Now as for God choosing the weak and small to be partners in ministry.  I thank God, every day for that sir and so does the jury.  For that means I am acceptable to God.  That even in all my failings God chooses to work through the likes of me. Just as God worked through Mary, Paul and the tiny nation of Israel with all their failings and weaknesses. The reality is that it is better that God work through such weakness.  That’s right, it is better that way.  Because that way it is clear that, success comes only by the power of God. Had God chosen to work though Rome or the United States, every one could say it was not God, but the power of force of arms.  There is no mistake that when God works though the weak and small, that the power comes from God.

Then as far as teachings of Christ and specifically the beatitudes, there are people every day discovering that it is only through God’s Spirit that they can find a blessed life.  The only way to live a peaceful life right here and now.  Through faith people find a peace that passes all wisdom and human understanding.  Sir, you quote the wisdom of the world.  “Don’t let them see you sweat” and “Nice Guys finish last”. But I would suggest that if you adopt such attitudes that you never really do finish.  You never find a quiet, peaceful, centered life.  For it is always a tread mill or like the poor gunslinger of old, there is always another battle to fight, because somebody else wants to be top dog.  The teaching of Christ may stand at odds with the world, but they do bring peace.  Does the wisdom of the world bring peace?

Finally, the cross.  If you look through the eyes of the world, then yes you see a failure.  You see a defeated, weak-willed God.  But when you look through the eyes of faith we see a God who willing to give all for us.  That life was not taken from God, but it was a life given by God.  Jesus died a death in a most humiliating way to prove to us the depth of God’s love and comment to bring us back into relationship.  God who used the language of the sacrificial system that was universally understood at the time to show us that we are forgiven and can through the death of Christ come into God’s presence.  We can come not groveling on the floor, but we come as God’s beloved children as a part of the family.  That opportunity comes to us because of the very cross that seems foolish and seems a defeat.  But that is the point ladies and gentlemen, God take the defeats of life and turns them into victories.  God takes out crosses and turns them into resurrections.  If that foolishness, then that is my kind of foolishness and I think you agree.

Ladies and Gentlemen the verdict is in your hands.  God is on trial in your heart everyday of your life.  The world will call you to reject God, to set God aside like an old security blanket that you have out grown.  Why?
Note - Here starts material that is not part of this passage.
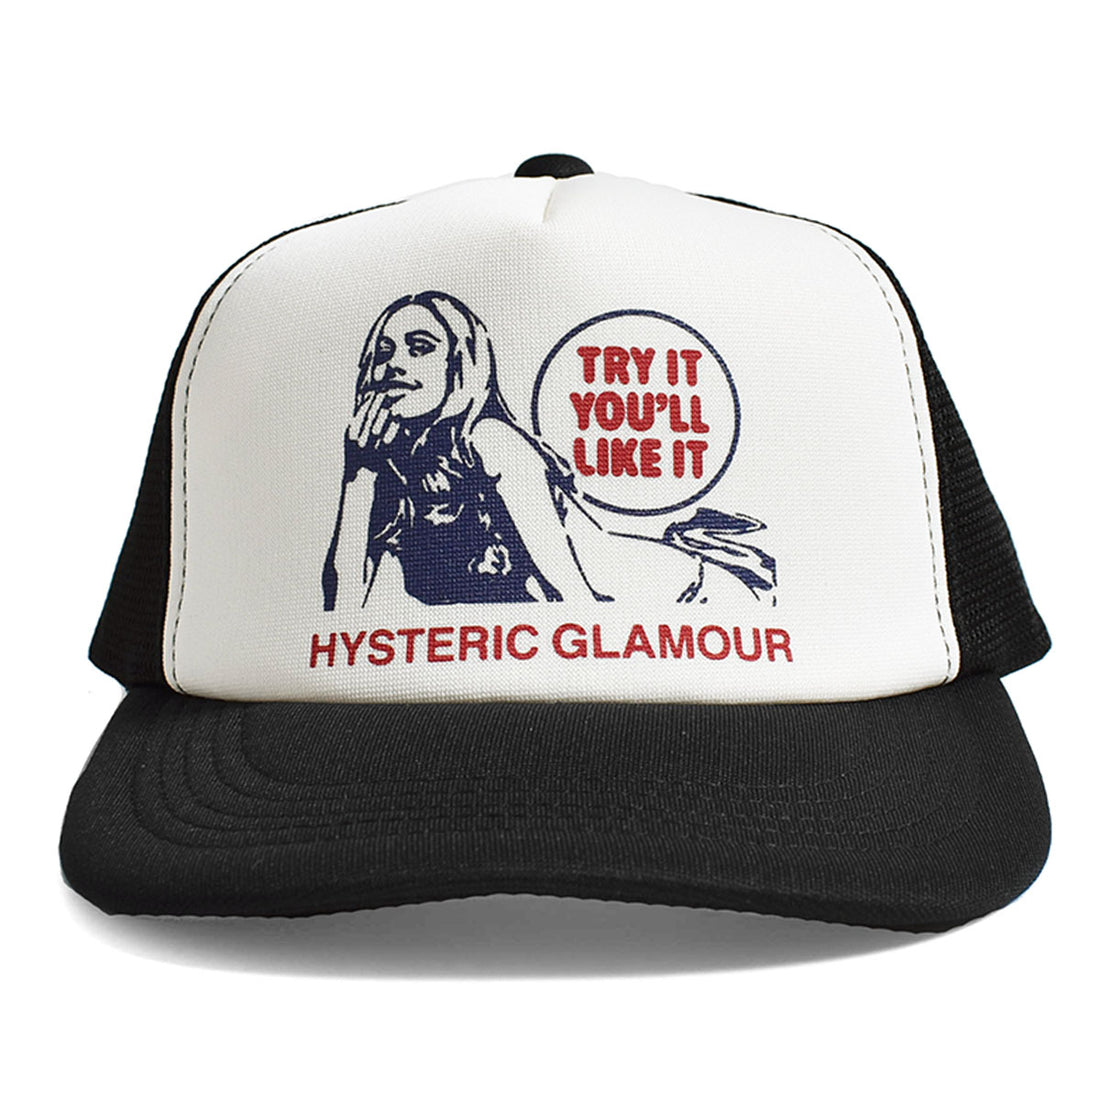 [HYSTERIC GLAMOUR]TRY IT YOU'LL LIKE IT メッシュキャップ/BLACK(02231QH04)

Because from the wisdom of the world, God looks foolish.  To that God pleads guilty. But God gives a higher wisdom.  Through God’s Sprit foolishness is turned into wisdom and weakness into strength and victory. So, I leave the choice up to you, but remember this: The foolishness of God is wiser than the wisdom of the world and the weakness of God is more powerful than any power the world has experienced.  The defense rests.